According to The Times, the FBI confronted Lee five times in subsequent months, but did not inform him that his belongings had been surreptitiously searched or that he had been found to possess classified information without authorization. But the FBI did not press charges against Lee, nor did it prevent him from returning to Hong Kong with his family in the summer of 2013. Instead, it focused on establishing a connection between Lee and the catastrophic loss of CIA assets in China. It was only this week, when Lee returned to the US, that authorities decided to arrest him. The reason why Lee decided to return to the US remains unknown. The possibility that he may have been lured back to the US by the FBI, just as he was in 2012, should not be excluded.

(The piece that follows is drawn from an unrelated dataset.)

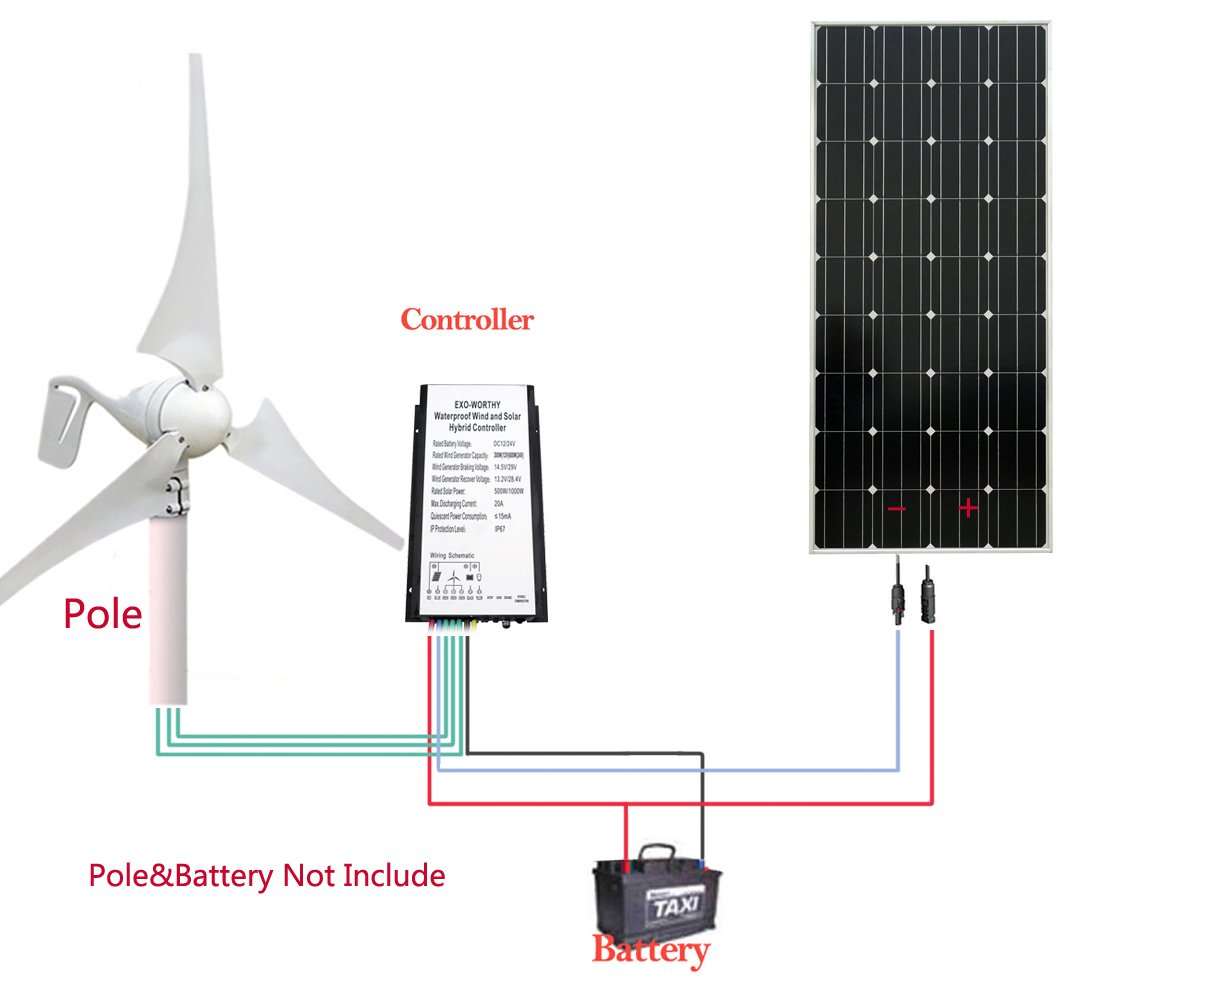 12v 560w Wind Solar Hybrid System 400w Generator With Power Wiring Diagram Controller 160w Monocrystalline Panel Garden Outdoors

It appears that investigators have not at this point connected Lee with the more serious charge of conveying the classified information to foreign agents. Instead, the former CIA officer is charged simply with possessing top-secret information, but not with communicating it. The charge is believed to be “the same single charge that could have been brought years ago”, namely when Lee was found to be carrying classified information with him in Hawaii.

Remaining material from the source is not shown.